# Mechanism and Regulation of Replication-Coupled Asymmetric Histone Incorporation in Drosophila Male Germline Stem Cells

> **NIH NIH F31** · JOHNS HOPKINS UNIVERSITY · 2024 · $48,974

## Abstract

PROJECT SUMMARY
Adult stem cells often divide asymmetrically to form one self-renewing stem cell and a differentiating daughter cell. This
process is important to maintain homeostasis and produce cells with the correct fate. Because both daughter cells inherit the
same genetic information, it is logically inferred that epigenetics play a key role in the differing cell fate decision. How
epigenetic information is parsed in such an asymmetric way, however, is a significant question. One key epigenetic
component are histones, and the Chen Lab previously discovered that histones are inherited asymmetrically with respect to
preexisting (old) and newly synthesized (new) histones during the division of Drosophila male germline stem cells (GSCs),
the first division of spermatogenesis.
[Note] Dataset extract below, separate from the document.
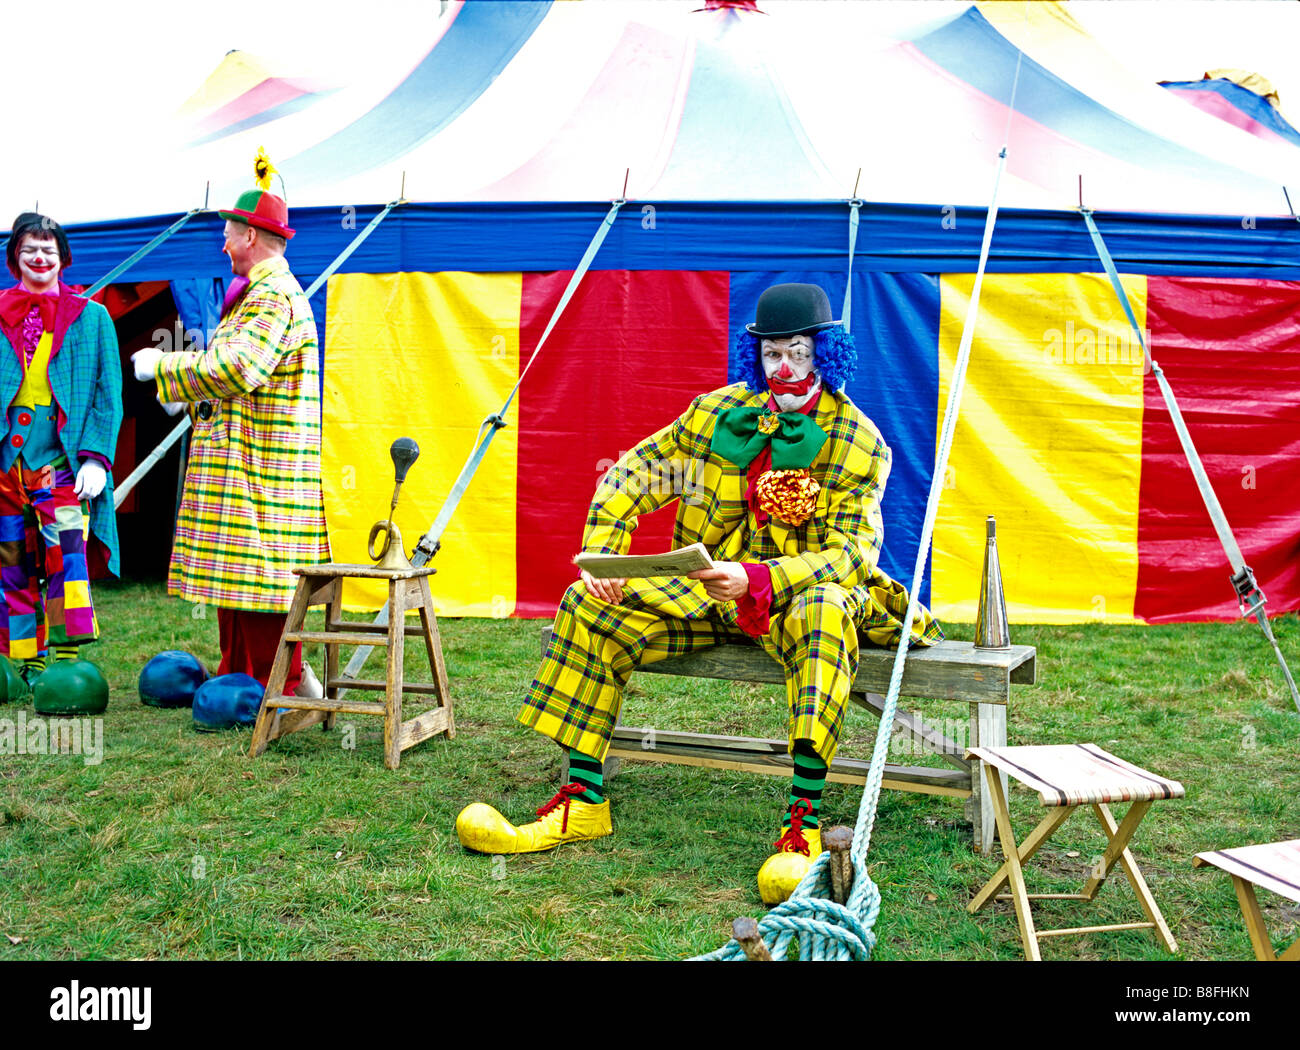 Clowns in front of circus tent Stock Photo

Old histones are preferentially inherited by the self-renewing GSC while new histones
go to the differentiating cell. This suggests a potential mechanism by which asymmetric epigenetic information could be
inherited in such a way to determine different cell fates in genetically identical daughter cells. Further, previous work in the
lab has found that the histone asymmetry is established during S-phase by asymmetric histone partitioning at the DNA
replication fork. This suggests S phase and DNA replication play a potentially large role in determining cell fate, but the
precise coordination of factors determining when and where asymmetry occurs remains elusive. It is of interest to study
how this asymmetry is established, which genomic regions are subject to asymmetry, and how this process can be regulated.
Here I propose studying the role of two important and interconnected aspects impacting DNA replication: chromatin
environment and replication timing. I have preliminary evidence that histone modifications associated with different types
of chromatin (eg. euchromatin vs. facultative heterochromatin) incorporate at varying degrees of asymmetry in GSCs,
suggesting histone recycling patterns are chromatin context-dependent. I propose systematically studying different histone
modifications in GSCs and non-stem cells using single-molecule chromatin fibers combined with super resolution
microscopy that can distinguish individual strands at the replication fork. Further, because timing during S phase is
inherently linked to what type of chromatin is being replicated, I propose investigating the relationship between histone
asymmetry and the DNA replication timing program. First, I plan to treat Drosophila testes with hydroxyurea, which will
synchronize cells at the start of S phase. Measuring histone incorporation at different times following release into S phase
will determine how different stages of S phase may experience different degrees of asymmetry. I also propose studying total
histone asymmetry in fly lines lacking the master timing regulator Rif1 to determine if the DNA replication timing program
is necessary for histone asymmetries to be established. The results of this...

## Key facts

- **NIH application ID:** 10998053
- **Project number:** 1F31HD116510-01
- **Recipient organization:** JOHNS HOPKINS UNIVERSITY
- **Principal Investigator:** Brendon Eugene Michael Davis
- **Activity code:** F31 (R01, R21, SBIR, etc.)
- **Funding institute:** NIH
- **Fiscal year:** 2024
- **Award amount:** $48,974
- **Award type:** 1
- **Project period:** 2024-09-01 → 2027-08-31

## Primary source

NIH RePORTER: https://reporter.nih.gov/project-details/10998053

## Citation

> US National Institutes of Health, RePORTER application 10998053, Mechanism and Regulation of Replication-Coupled Asymmetric Histone Incorporation in Drosophila Male Germline Stem Cells (1F31HD116510-01). Retrieved via AI Analytics 2026-05-24 from https://api.ai-analytics.org/grant/nih/10998053. Licensed CC0.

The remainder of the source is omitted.